SD: Yes, I was definitely conjuring up the coquettishness of some of our African-Caribbean dances, which tease and also challenge through movement, gesture and look. I thoroughly enjoy using those devices; it’s part of playing the masquerade of the message. And the design of the skirt is certainly a nod to the voluminous, patterned bélé over-skirt.
This dress is definitely along that performative ‘dance and mas’ spectrum. I hope that it is considered a mas! Because isn’t mas supposed to delight, provoke and intrigue? Earlier this week, a cutting-edge traditional Carnival costume designer reached out to me to talk about possibilities of a digital collaboration, using recycled materials, which is right up my alley. You just never know where your little rant in your little dress will lead you.
JMF: How would you describe the essence of a Caribbean woman through this dress?
SD: I’m using this word a lot these days, but ‘resilient’. It speaks of confronting one’s fears and conquering some of the anxiety, and of using humour to lift oneself up – as a woman, as a human. I’ve always thought of myself as an intense person with strong opinions and a sense of justice and fearlessness. […] I thought I had reached my zenith with all of that. But then, in the face of the pandemic, I’ve found a new font of mental and spiritual strength to cope with what has come my way in the last eighteen months. It speaks to a kind of self-reliance that the Caribbean woman knows she has, deep down inside. What’s different now is that in my isolation, I’ve had to time to think about how this new level of resiliency shapes my life, and what I’m going to do with it going forward. It’s scary and it’s beautiful at the same time.
JMF: These images say to me that there’s beauty and excellence to be found in even the most mundane of things if we approach it with the right frame of mind. Is that the secret to making it through this pandemic? Critical thinking with a dash of humour?

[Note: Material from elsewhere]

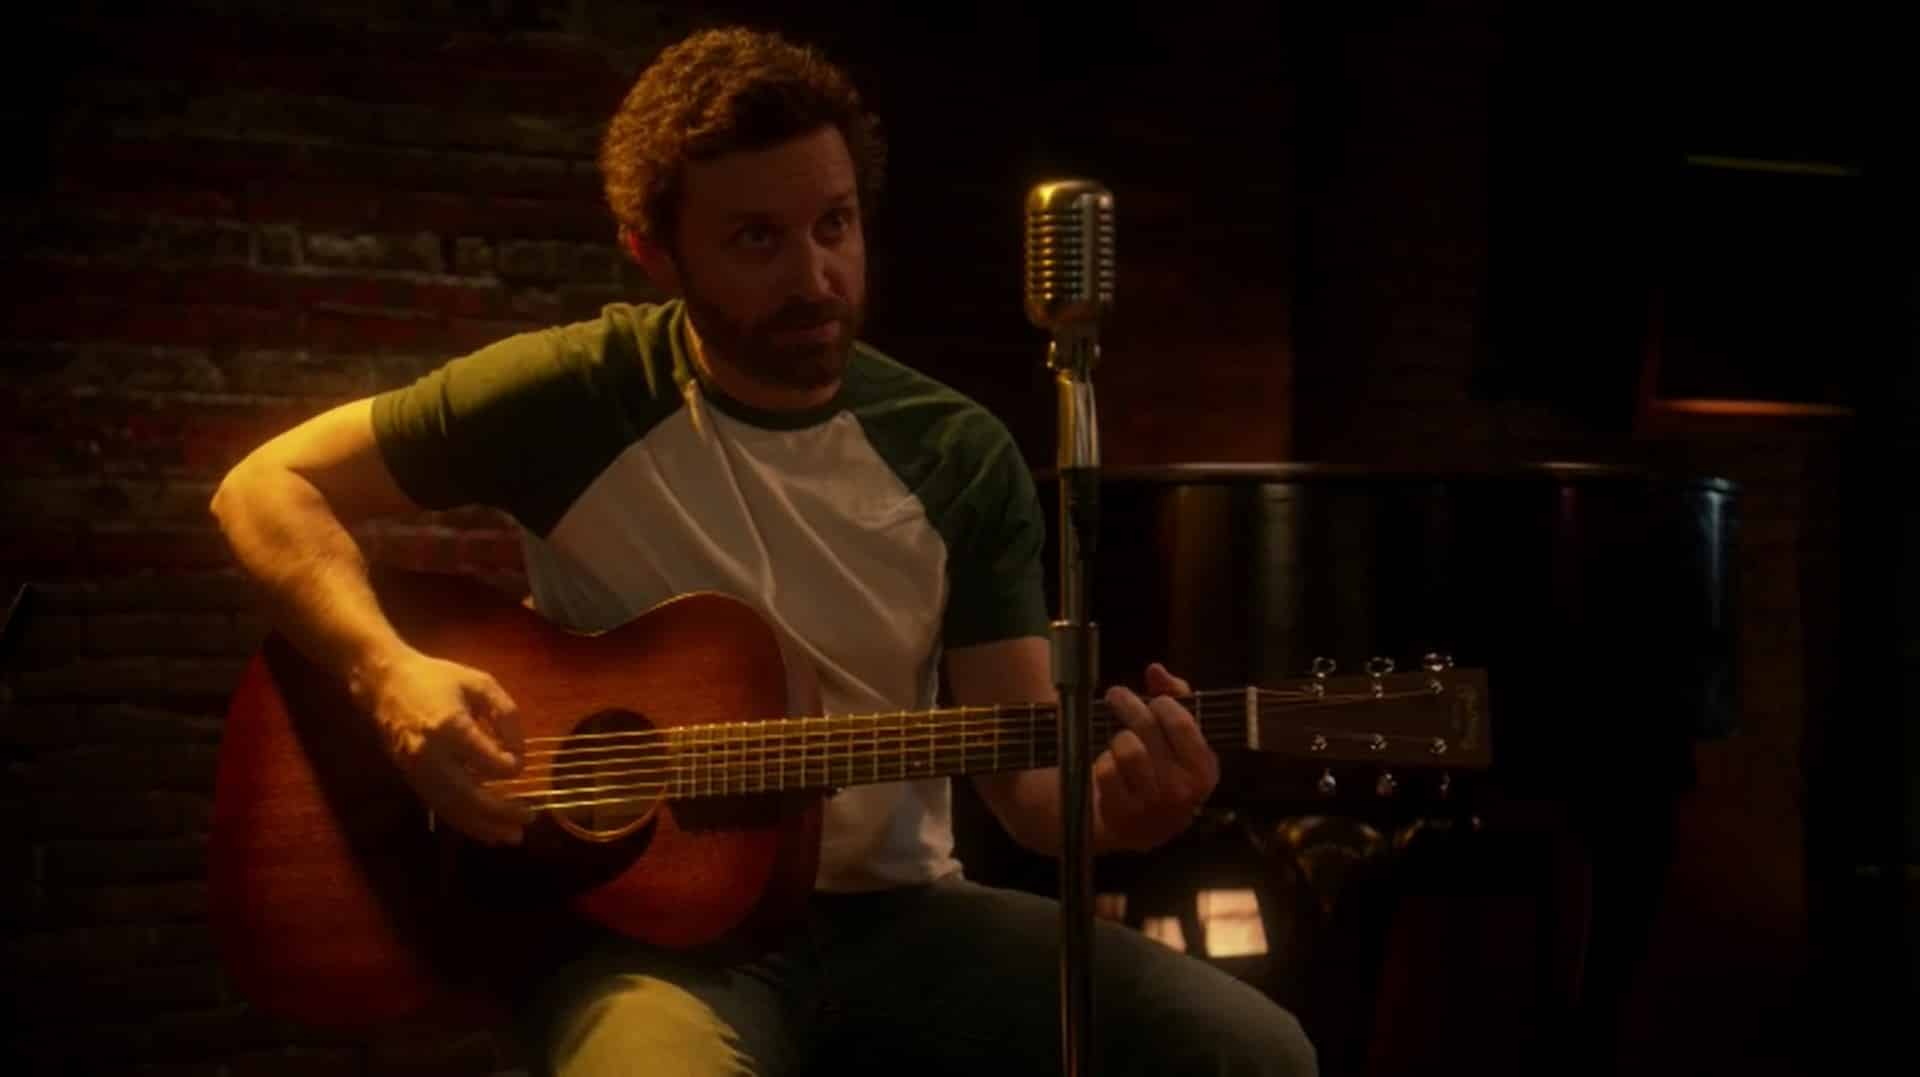 11x20-dont-call-me-shurley-god-chuck-playing-guitar

SD: I think that's a really good way to look at it. But don’t forget the healing factor. As much as the dress might capture the attention of someone who sees it because of its unusual nature, and as much as it raises big world questions like the future of food security, there is a more personal intent behind it. I made it to cheer up myself and others at a depressing and challenging moment of our human history. It’s a suggestion of how we could craft our own healing—at least some of the time—with, as you say, mundane objects. So one major message is that you don’t have to look too far or spend too much to create something that lets you vent and makes you smile at the same time. Use the objects in your environment and heal yourself through your own creativity.